What was the population studied? Why do you say that? (5 pts):

The population that was studied were specific security experts that were able to verify their knowledge of IoTs, Cloud Computing, and Big Data Analytics. On top of them being security experts they also had to work in a financial institution. I say this because the study specifies that these were the individuals that were sequestered for the surveys.

What sample was used for this study? Explain. (5 pts):

The sample for this study was 234 out of the 255 responses that were sent to 23 different financial institutions. There were 21 eliminated from the pool due to incomplete responses on the survey. The sampling technique used was purposive non-probability to select the experts and collect data.

What was the method of measurement? (10 pts):

For the gathering of experts, an interval approach was used [0,1] with the 1 representing knowledge in the subject matter. Another instance of quantitative measurement was in the scoring of the surveys to determine the results (the 1-10 responses).

For the qualitative data, literature on risks vs benefits of Internet of Things, Cloud Computing, and Big Data Analytics were used. Literature on infrastructure vulnerabilities and attacks, security management failures, communication security failures, identity management failures, access control failures, network security vulnerabilities, and data and information management vulnerabilities were all used.

What was the method of analysis? (10 pts):

Quantitative: The quantitative information was the way in which the information was gathered, first by how the purposive non-probability sampling technique was used to select experts based on their knowledge of terms using the interval system of 0,1. The surveys sent out were then transposed to the scale of threats found in the qualitative research. This is where the Fuzzy Technique for Order of Preference by Similarity for Ideal Solution was used to categorize and prioritize the vulnerabilities.

Qualitative: The qualitative research was the literature used. In order for the researchers to determine the validity of the research, they used FMEA to categorize threats and vulnerabilities by placing them into categories based on their probabilities. Fuzzy TOPSIS analysis was used to take the responses and apply them to the categories created.

What was the conclusion of the study? (10 pts):

The conclusion of the study found that IT risk managers need to focus on firewall protections, reliable power sources, and security audits. Prioritizing the knowledge of vulnerabilities helps reduce or manage potential threats. The study is limited to the knowledge of the IT professionals working in these fields and that the technologies are still developing. To use audit history or logs to enhance findings and that the sample size should increase to larger groups of IT security experts. The responses are limited to the findings in the literature of the study and are limited to these threats.

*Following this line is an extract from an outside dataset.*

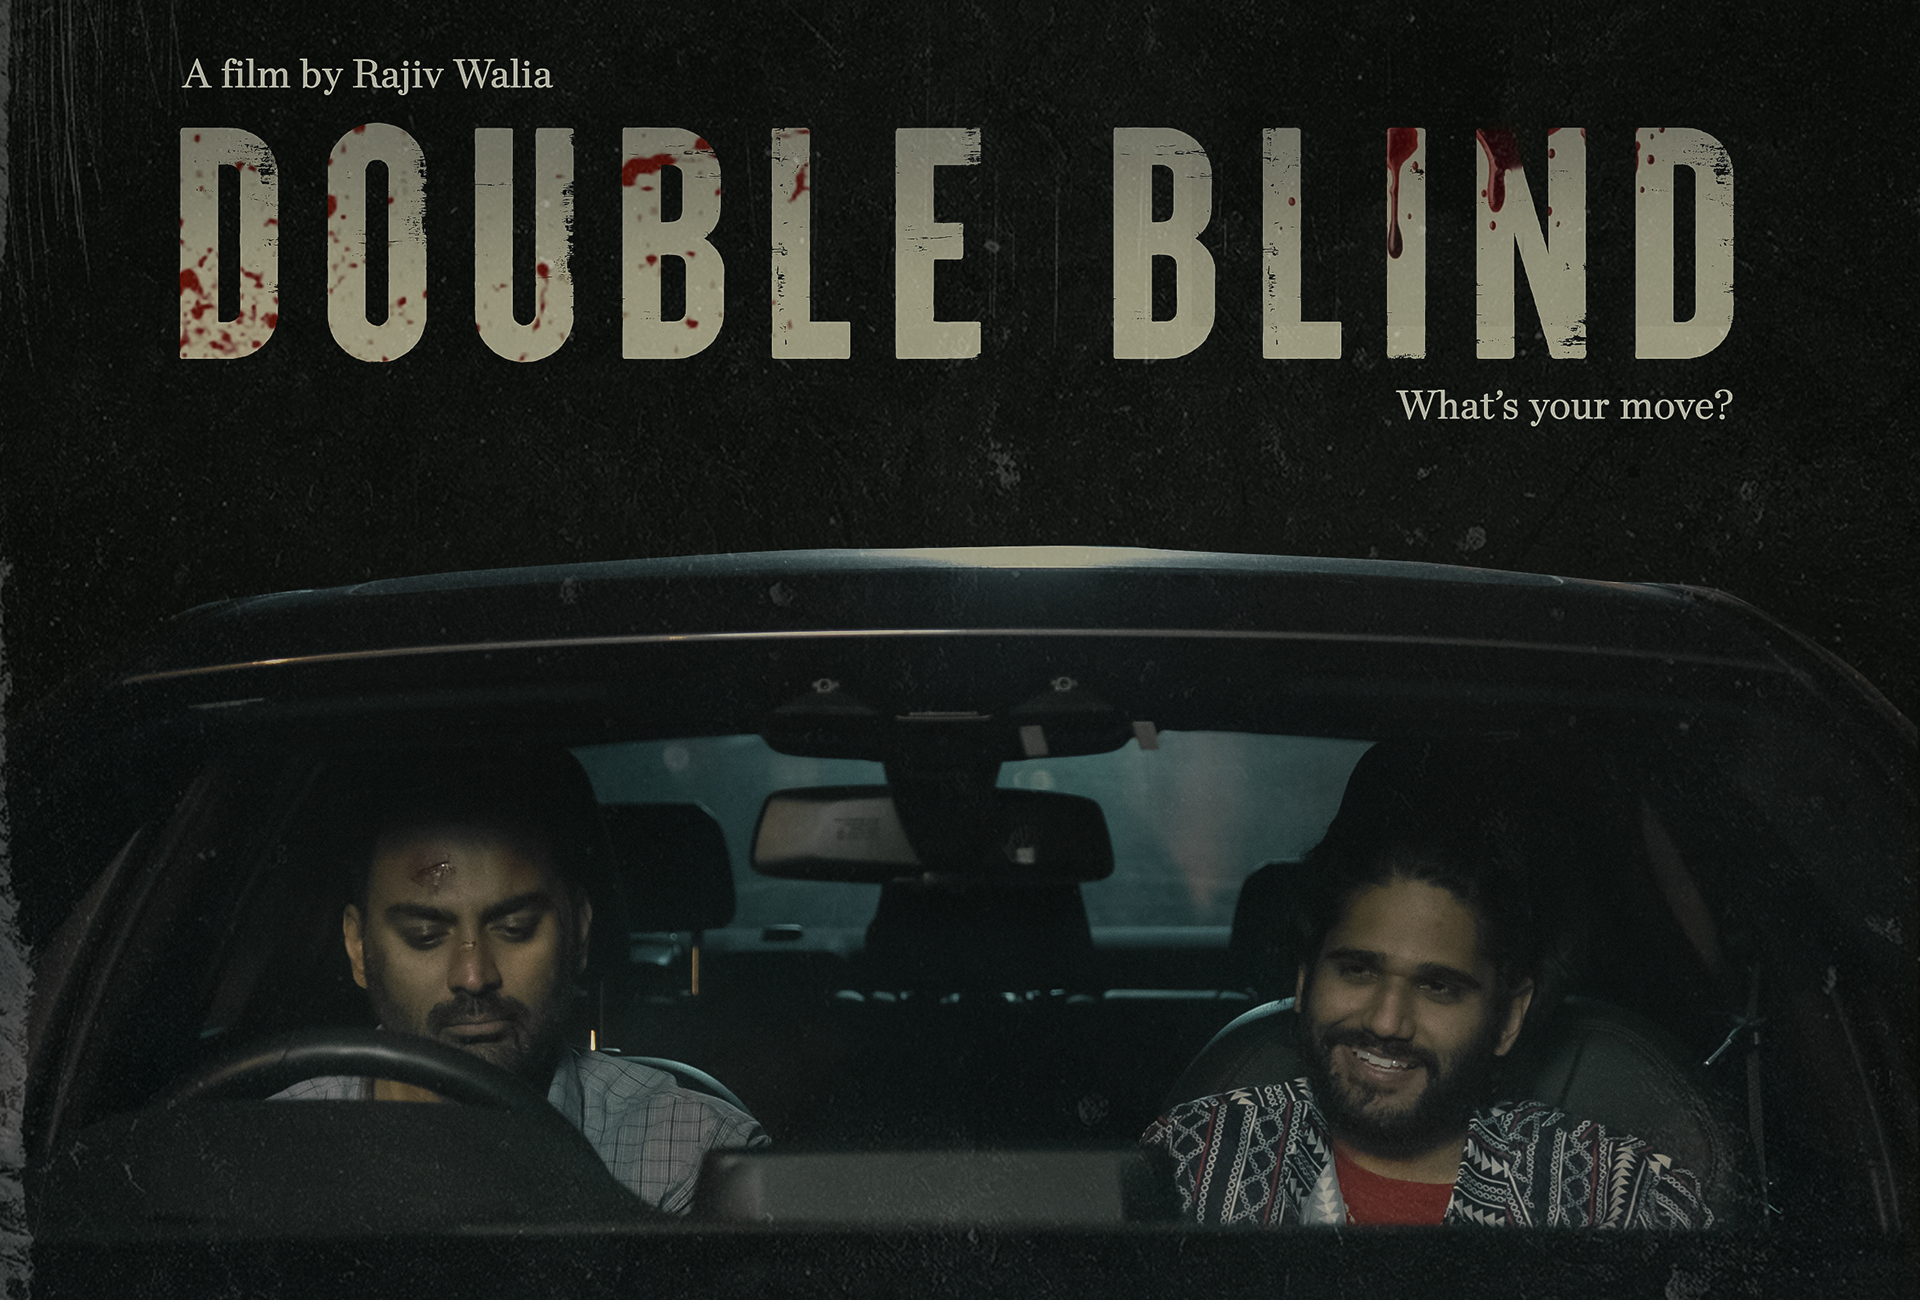 Actor Prepares alumnus, Deep Sheth stars in the short film 'Double Blind' by Pocket Film.

Why is this study useful to you? Explain in detail. (10 pts):

This information is useful to me because I work at a financial institution and as more things become cloud based (like salesforce) or more devices (IoTs) become available to use for financial institutions it is very important to understand the risks of them. I have always been leery of cloud-based services, because your data may be housed “securely” but the biggest threat actors are those within the company. Phishing campaigns teach us that all it takes is one click on the wrong e-mail and a vulnerability can occur. It is important for risk managers to understand that using cloud services may possibly increase risks if there is a data breech to the cloud servicer.

What would be the next logical step in extending this study? (10 pts):

As stated in the study, it is important to increase the sampling size and to include more experts. Security threats are different for each sector, but attacks can be the same like phishing, so if extending the study, it would be best to start with other financial institutions. Adding other sectors with categories only after obtaining more data from financial institutions. As technologies change, it is important to also update the study to reflect the most current risks and security threats. Add additional literature to determine the latest threats or newer vulnerabilities. Using cisa.gov as a tool for security threats.